Dihadiri oleh Kepala Satpol PP Kabupaten Pangandaran, Danramil Pangandaran, Kapolsek Pangandaran, Camat Pangandaran, serta peserta apel yang terdiri dari unsur TNI, POLRI, Dishub dan Satpol PP.

 

Dalam sambutannya, Pjs Bupati Pangandaran Dr. H Dani Ramdan, M.T menyampaikan terkait langkah-langkah penertiban protokol kesehatan di tempat kerja.

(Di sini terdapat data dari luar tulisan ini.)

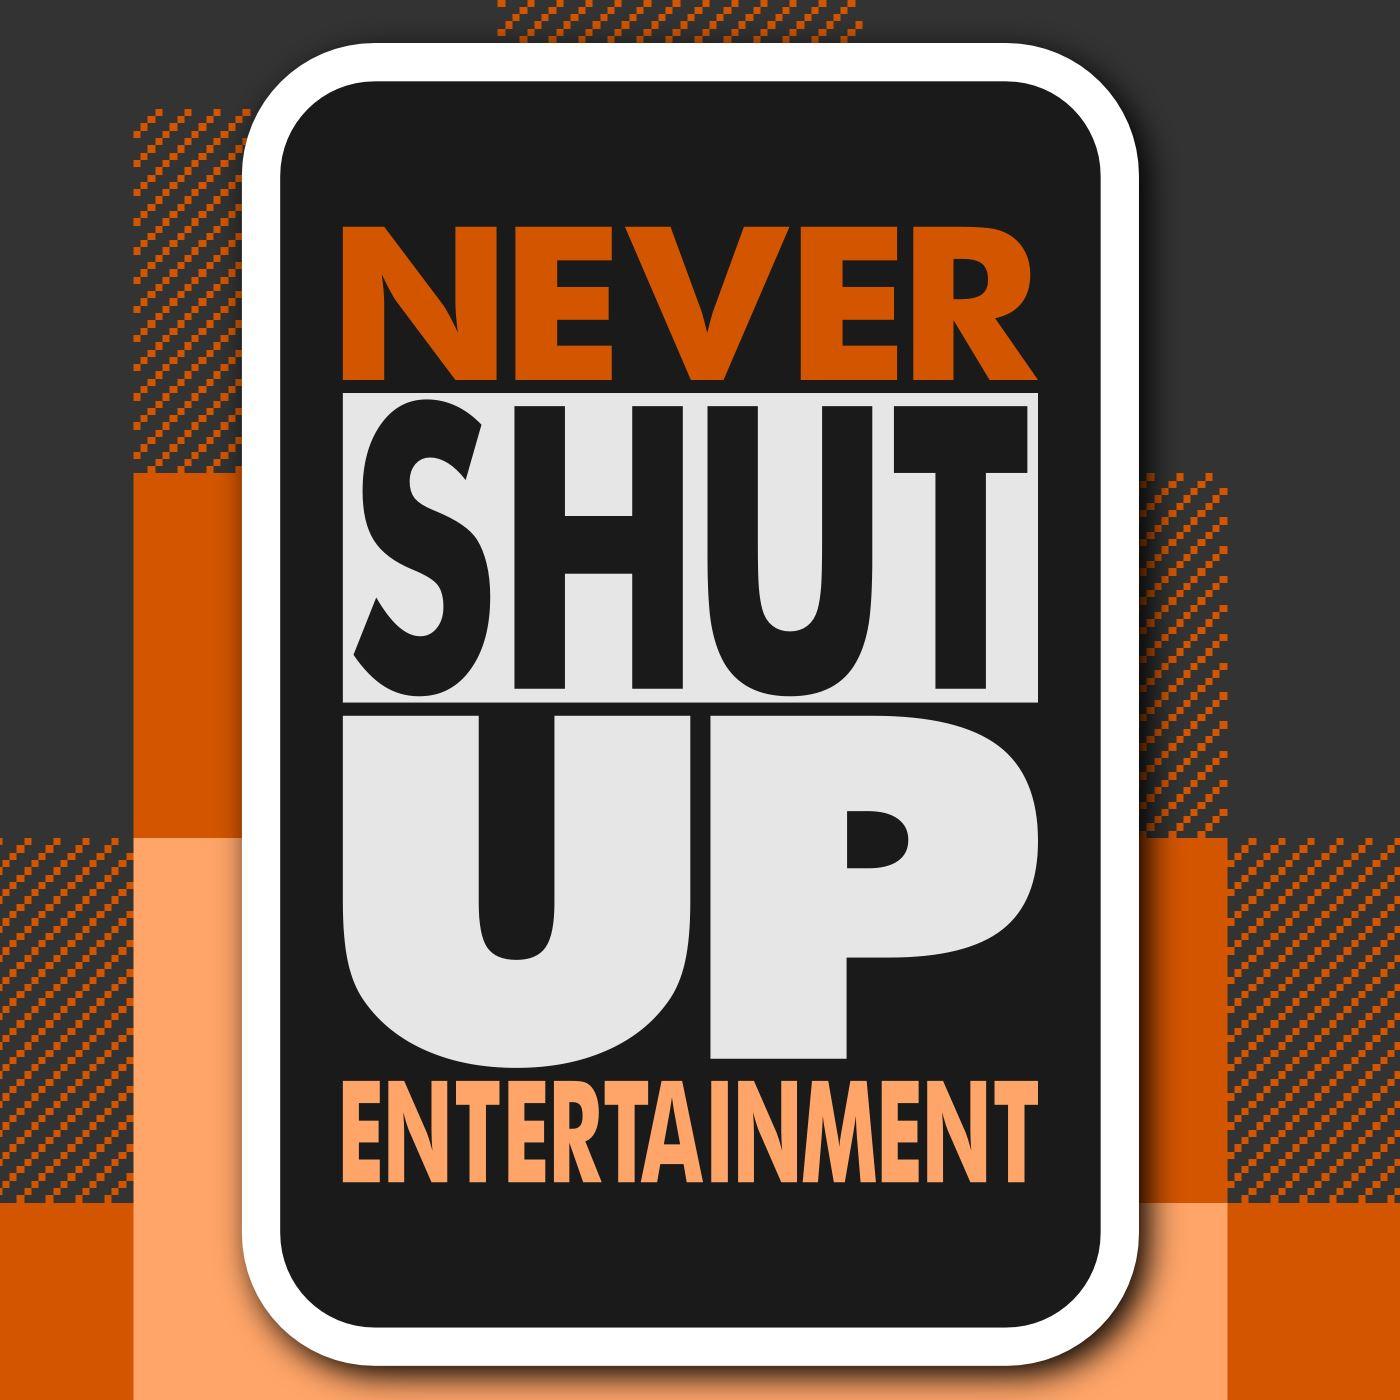 Never Shut Up Entertainment
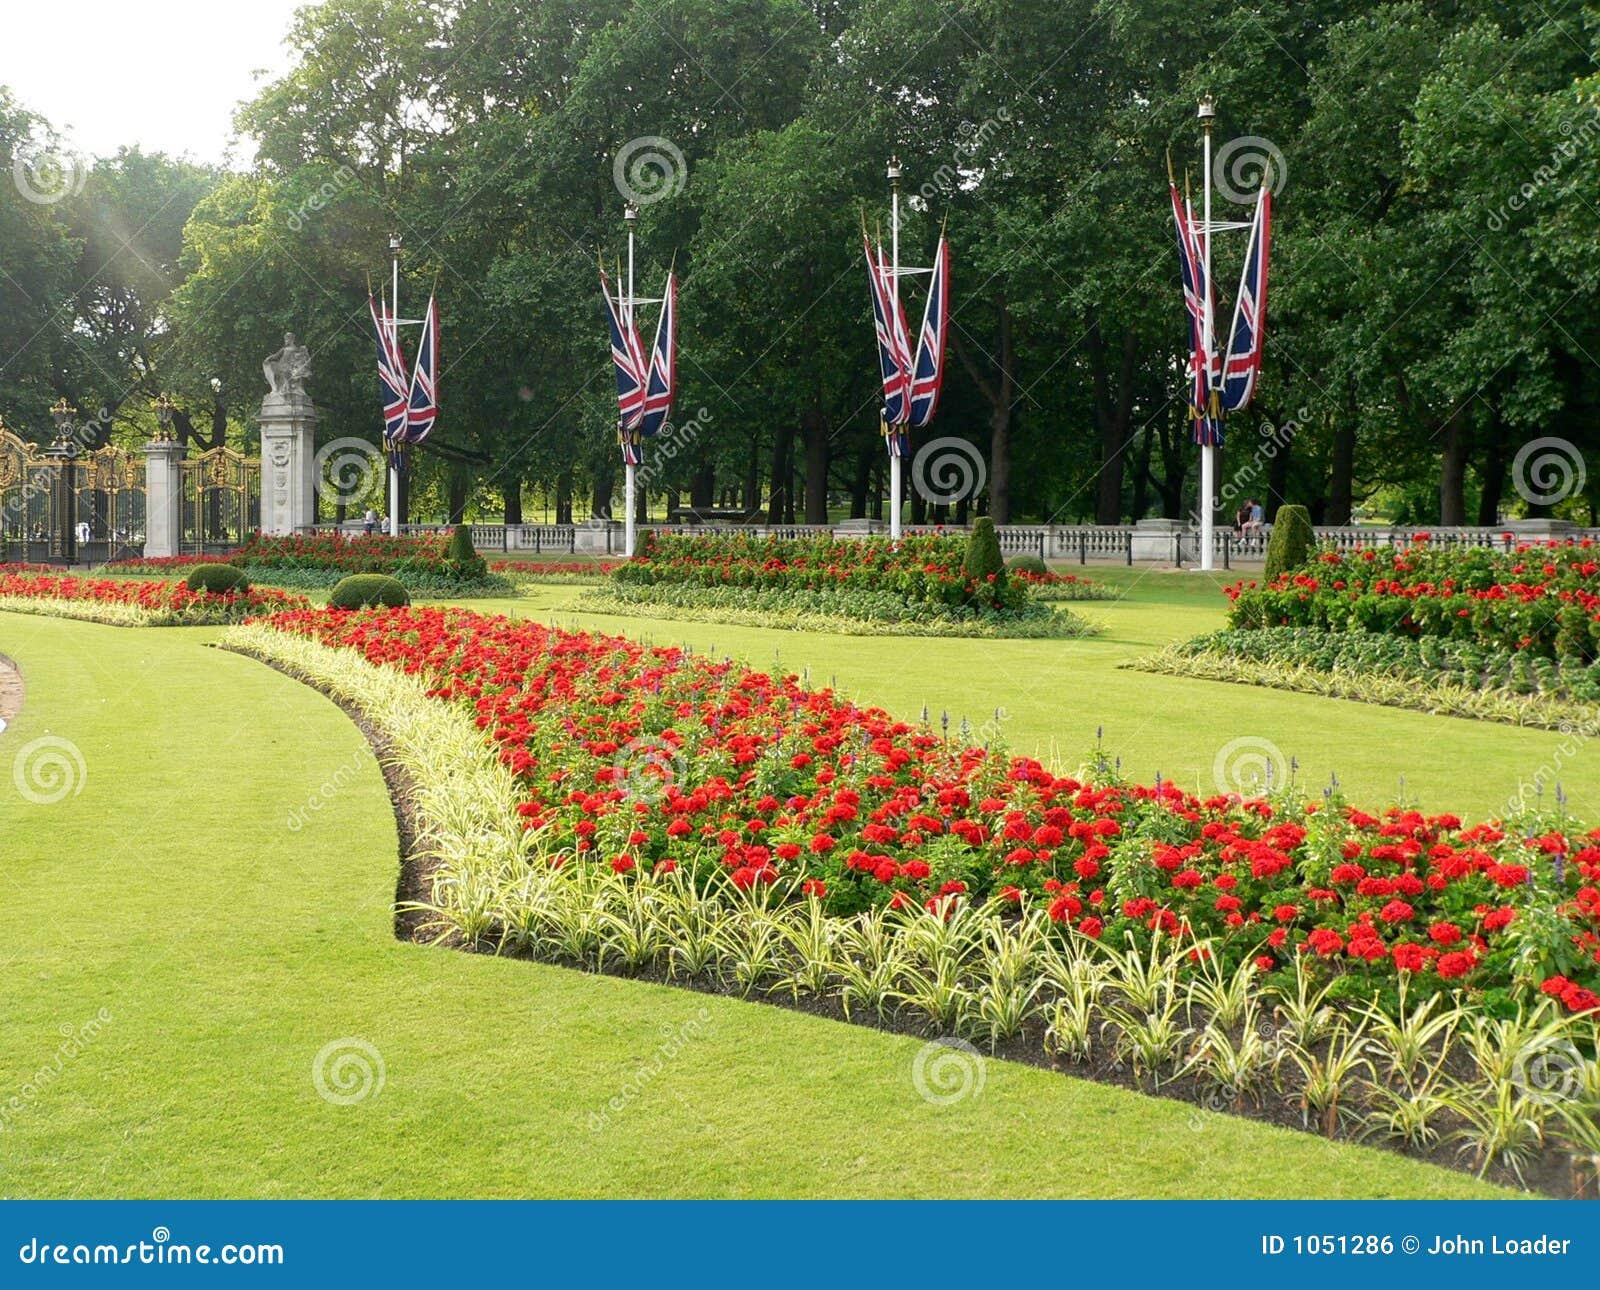 Jardins De Londres Imagem de Stock Royalty Free  Imagem 1051286

“Akan menjadi atensi kita juga ketika kita fokus di pariwisata ternyata di perkantoran sekarang sudah mulai muncul klaster covid. Kita perlu pikirkan langkah-langkah penertiban protokol kesehatan di kantor, baik di kantor Pemerintah maupun kantor swasta", ujarnya.

 

Dani pun berharap, pelaksanaan protokol kesehatan harus terus dijalankan dan ditingkatkan untuk mengantisipasi penyebaran virus. 
"Apakah cek suhu tubuhnya masih dijalankan, cuci tangan sebelum masuk ruangan dikerjakan, dan juga pengaturan jarak selama bekerja. Kalau itu terus diterapkan apalagi penggunaan maskernya selama bekerja, harusnya tidak terjadi penyebaran-penyebaran baru, tetapi saat ini nampaknya tidak, akan kendor. Jadi akan kita tingkatkan lagi khususnya di perkantoran, pabrik dan tempat kerja”, tuturnya.

 

Terkait meningkatnya pasien suspek virus covid-19 yang masuk ke RSUD Pangandaran Sehat dan Bahagia, pihak pemerintah menurut Dani, akan memaksimalkan seluruh pelayanan.
“Saat ini sejak pandemi ini terjadi, jumlah pasien yang di rawat di Rumah Sakit Pandega adalah rekor tertinggi sementara ruang isolasi terbatas dan saya sudah intruksikan Rumah Sakit Pandega menambah ruang perawatan. Selain itu untuk perawatan pun akan digenjot supaya angka kesembuhan dan durasi kesembuhannya bisa lebih cepat, memang betul obat belum ditemukan tapi untuk pasien diberikan observasi untuk obat sampai benar-benar cocok”, jelasnya.

 

Adapun dari sisi Pemerintahan, beliau menetapkan 3T yaitu Tracing, Testing dan Treatment. 
“Pemerintah pun akan terus melakukan pencegahan penyebaran virus covid 19 ini, dengan menjalankan berbagai program, salahsatunya adalah dengan 3 T (Tracing, Testing dan Treatment). Tracing atau pelacakan, siapa saja yang kontak erat terhadap kasus positif yang baru, yang kedua testing atau pengetesan yang memang diduga kontak erat ataupun testing seperti kemarin yang kita lakukan di wisata secara random dan yang ke tiga adalah treatment”, ujarnya.

 

Selanjutnya 3M untuk kewajiban dan tugas masyarakat yaitu Menggunakan Masker, Mencuci Tangan menggunakan sabun dan Menjaga Jarak. 
“Itulah strategi yang harus kita jalankan agar kasus-kasus di Pangandaran merendah dan ditekan agar kita bisa keluar dari pandemi ini. Tetap jaga kesehatan dan patuhi protokol kesehatan”, pungkasnya.